Sorry Shiplover. Can't view attachment (page can't be found)


----------



## shiploversa (Dec 8, 2019)

Varley said:


> Sorry Shiplover. Can't view attachment (page can't be found)


posted


----------



## Stephen J. Card (Nov 5, 2006)

*Small Fire Breaks Out Aboard Celestyal Crystal*
Sep 15, 2022








A small fire broke out on the cruise ship Celestyal Crystal Tuesday afternoon, while the vessel was docked in Rhodes, Greece. The fire started on the pool deck engulfing in flames several sunbeds and chairs.
Onboard firefighting teams quickly rushed to the scene and managed to completely extinguish the fire within 10 minutes, confirmed Rhodes Fire Service after boarding the ship.
The Greek Coast Guard was on standby, and two fire brigades arrived at the entrance of the cruise ship, which fortunately did not have to intervene.
Port Authority of Rhodes, conducted a preliminary investigation, initially prohibiting the ship to sail. However, after conducting all formalities and safety inspection Celestyal Crystal was allowed to sail to her next destination, the port of Heraklion.
Crew and passengers are safe and no one was injured during the incident.



Too much suntan oil!!!!!!!!!!!!!!

Cause of fire? Interesting.

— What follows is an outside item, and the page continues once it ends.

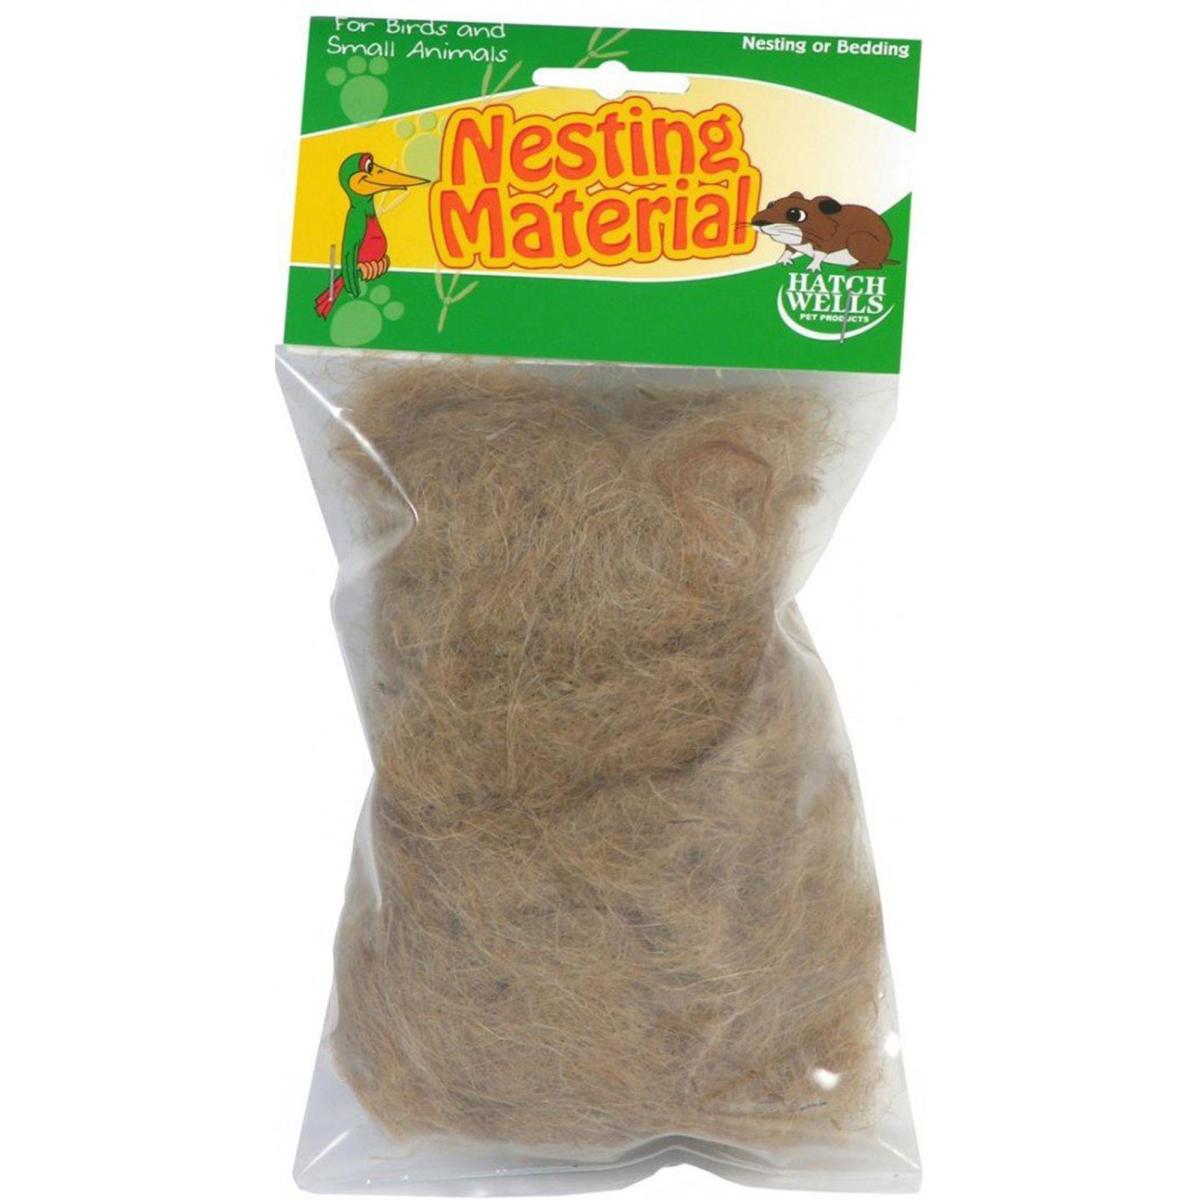 Hatchwells Bird Nesting Material For Breeding Or Bedding
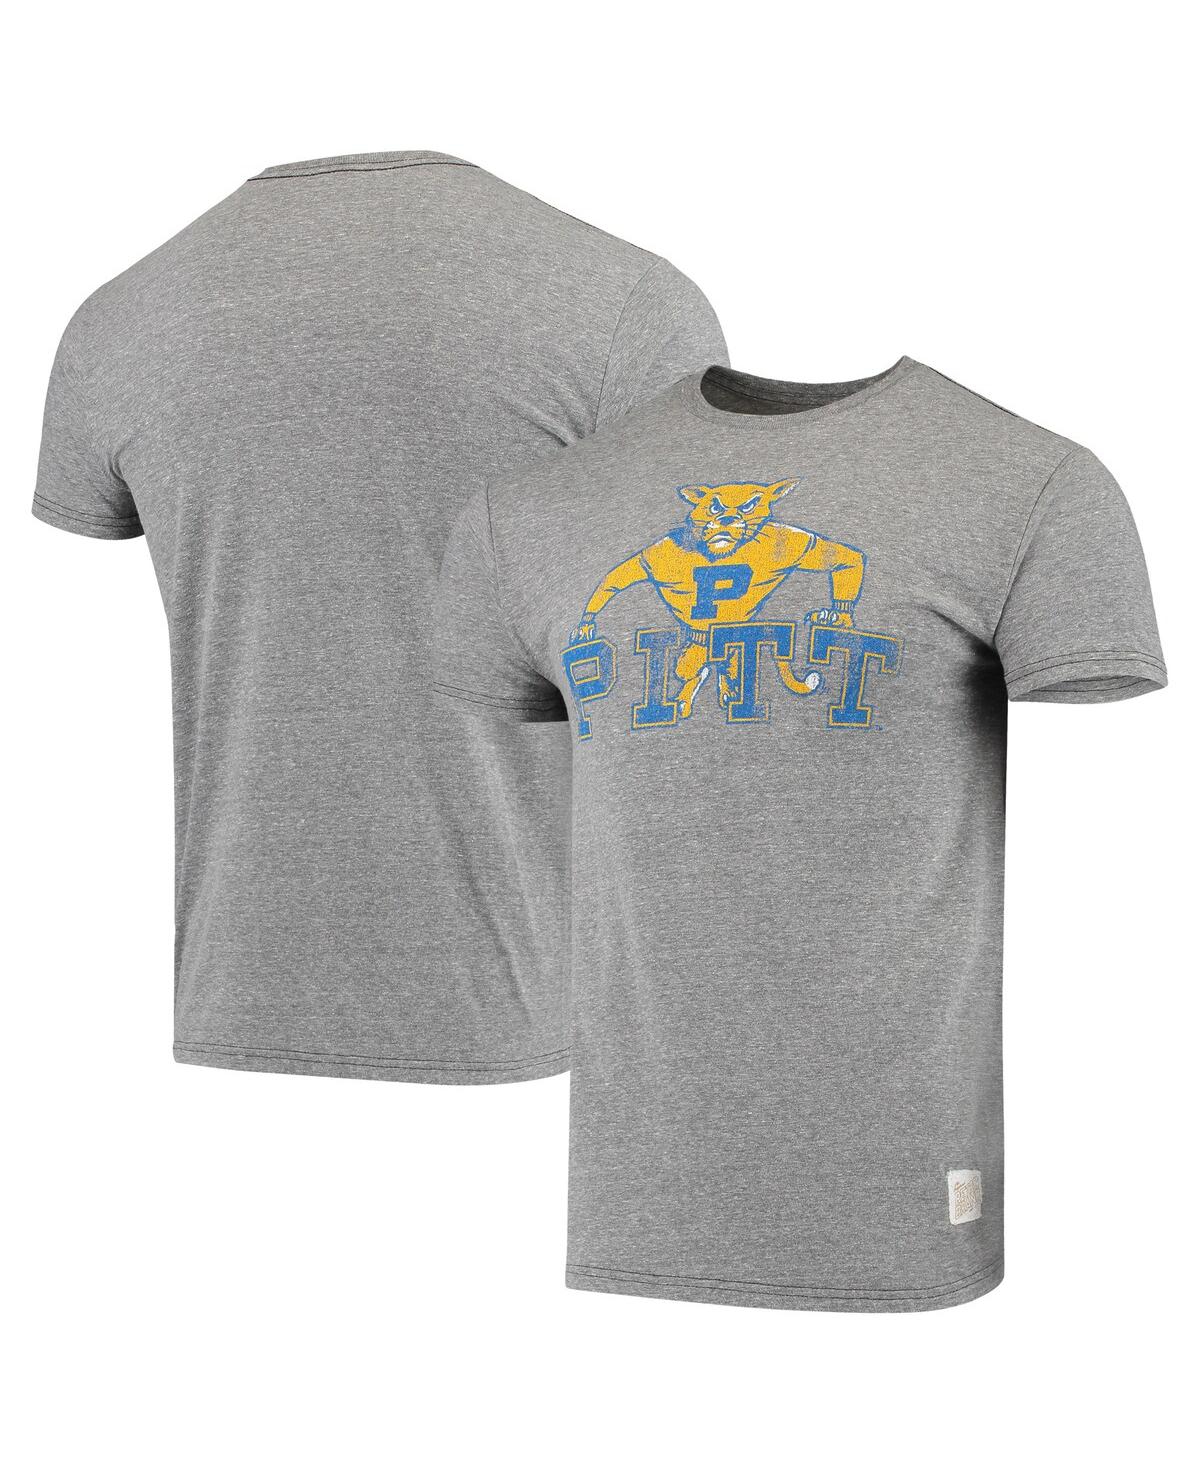 Men's Original Retro Brand Heathered Gray Pitt Panthers Team Vintage-Like Tri-Blend T-shirt - Heathered Gray

Smoking likely. Passenger (cruise) ships usually have just a small smoking area. Usually well away from crowded areas... like the pool area.


Stephen


----------



## thenormandie (Nov 27, 2013)

Stephen J. Card said:


> *Small Fire Breaks Out Aboard Celestyal Crystal*
> Sep 15, 2022
> 
> 
> ...


That particular ship has had more misfortune than most. Originally built as the VIKING SAGA ('80) she was "totaled" by fire during her '86 conversion to SALLY ALBATROSS. As SALLY ALBATROSS in '90 suffered yet another serious fire, rebuilt again as SALLY ALBATROSS by '92, partially sunk in '94, rebuilt again as LEEWARD ('95) for NCL. Several names and owners followed. By '15 as CELESTYAL CRYSTAL she collided with the tanker STI PIMLICO in the Dardanelles. Hmmmm....


----------



## Stephen J. Card (Nov 5, 2006)

'Hellenic Lightning'? Just joking. Misfortune perhaps, but she seems to able soldier on.

Stephen


----------



## shinz (Sep 29, 2018)

That is surely a massive transformation from a Baltic Vehicle carrier to a svelte looking cruise ship looking at this site.


----------